= Bake-kujira =

Mythical Japanese Yōkai

Bake-kujira (化鯨, "ghost whale"), also known as Hone-kujira (骨鯨, "bone whale"), is a yōkai in Japanese folklore, typically depicted as the skeletal remains of a whale appearing at sea on stormy nights. It is most closely associated with coastal regions of western Japan, particularly the Shimane Peninsula. The Bake-kujira is generally interpreted as a vengeful spirit of a whale, embodying resentment toward humans involved in whaling

== Folklore ==
The legend of the Bake-kujira took place in Shimane Peninsula in Izumo Province (present-day northeastern Shimane Prefecture) at a time when whales were still often caught in the Sea of Japan, a region known in antiquity as the "Sea of Whales."

On one rainy evening, a large, white figure began to approach the coast from offshore. Looking closely, the fishermen realized that it appeared to take the shape of a whale and set off on their boats toward the figure for a regular fishing expedition. However, no matter how many harpoons they threw, their prey was unperturbed.

The fishermen thought this was unusual and, upon closer inspection, the figure that originally appeared to be prey took the shape of only the white skeleton of a baleen whale, with no skin or flesh to be seen.

The area filled with oddly-shaped fish, and strange birds appeared right before the fishermen's eyes, but as the tide receded, the creatures retreated without incident far out to sea.

The fishermen began to tell tales of the creature, claiming it to have been the vengeful ghost of a dead whale. Since then, the Bake-kujira was never seen again.

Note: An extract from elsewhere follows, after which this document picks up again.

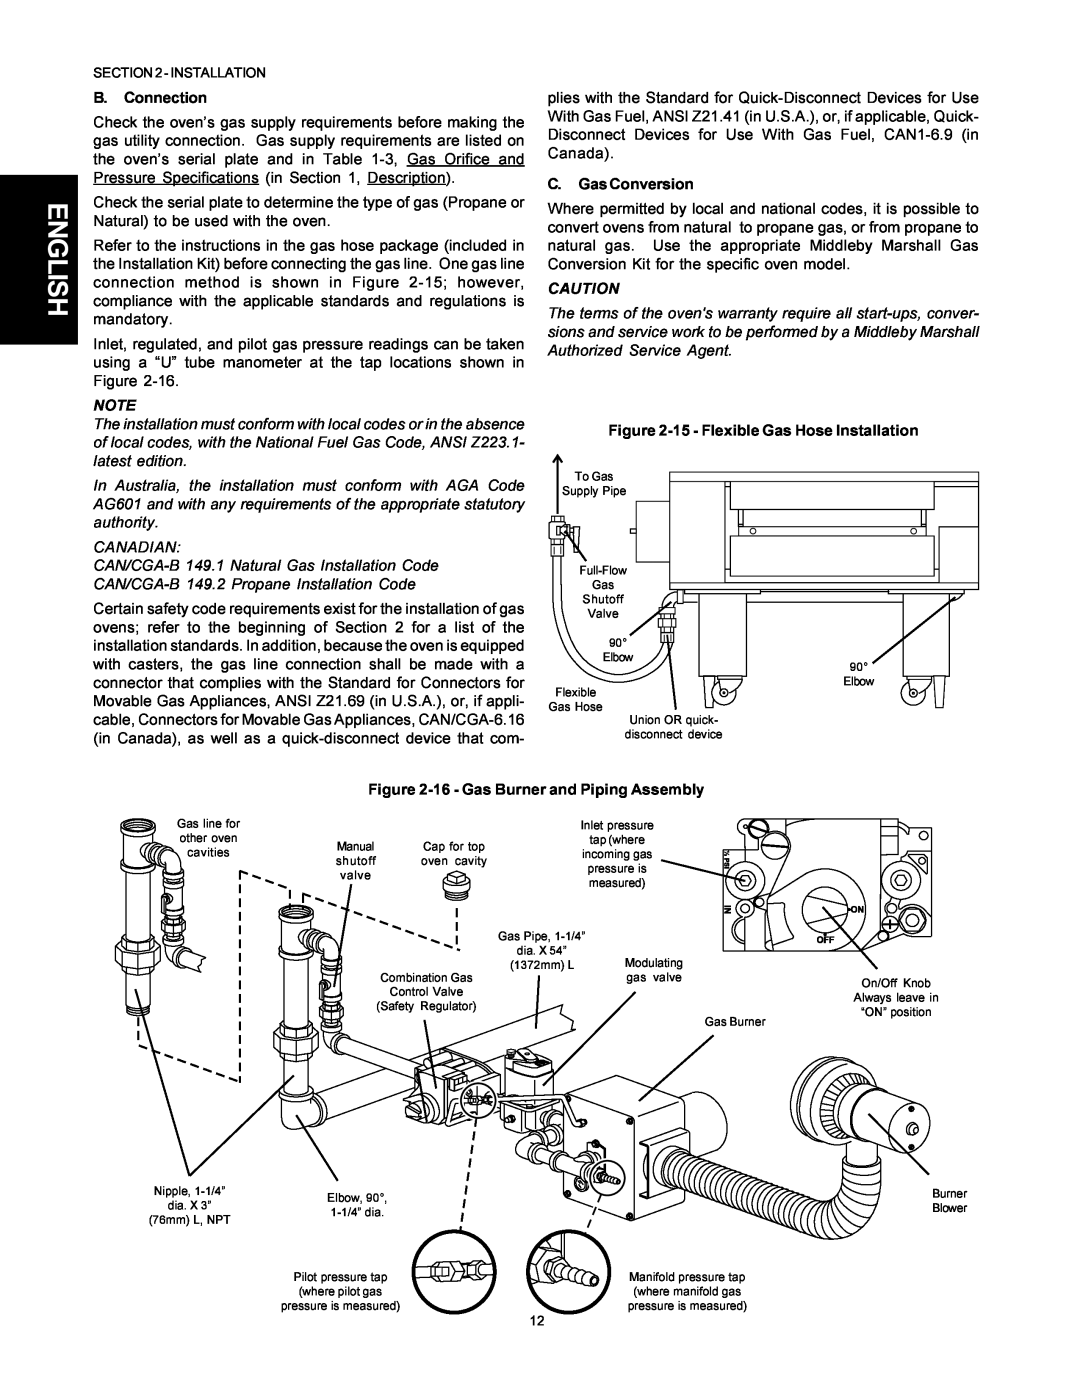 Middleby Marshall PS500 installation manual English, B. Connection, C. Gas Conversion, 15 - Flexible Gas Hose Installation

In the spring of 1983, stories of the Bake-kujira resurfaced when a large skeleton-like object was pulled up from 500 meters offshore at Maenami Fishing Port in Anamizu, Hōsu District, Ishikawa Prefecture; it was called Hone Kujira (骨鯨) by the media. The skeleton, however, was altogether 5 meters long and between 50 and 150 centimeters thick; a local fishing chief said that if it was truly a whale's skeleton, it would be 100 meters long.

== Modern appearances ==
While drawing scenes for a kamishibai about Bake-kujira in the 1950s, Shigeru Mizuki, a manga artist who was known for yōkai manga, suddenly developed a high fever and gave up on the project. In one of Mizuki's later books, he wrote that he thought he might have been possessed by Bake-kujira at the time. Bake-kujira later appeared in the fourth “Gegege no Kitarō” anime and in the manga “Thousand Yōkai Tales.” In both depictions, Bake-kujira helped Kitarō and his friends as a holy and virtuous being. However, Hiroshi Hashimoto, one of the script writers in charge of Bake-kujira's first appearance in the anime, said that he was worried he might be possessed like Mizuki. However, in “Bessatsu Shinpyō: The World of Shigeru Mizuki,” it was said that it was during the production of Bake-garasu (化けガラス, ghost crow), not Bake-kujira, that he suffered from a high fever.

In addition to Mizuki's experience, there are many legends about whales in the Oki region of Shimane Prefecture. After a whale washed ashore in Oki's Chibu Bay in Meiwa 1 (1764), a series of disasters including fires and epidemics occurred. This was thought to be due to the wrath of a whale, and a hand dance designed to comfort the spirit of the whale is said to have now been transformed into a kabuki performance, performed in conjunction with the festival at Amasashihiko-no-mikoto (Ikkū) Shrine in Chibu Village, held every even-numbered year on the last weekend of July.

== In popular culture ==
- Bake-kujira is a playable character in Smite.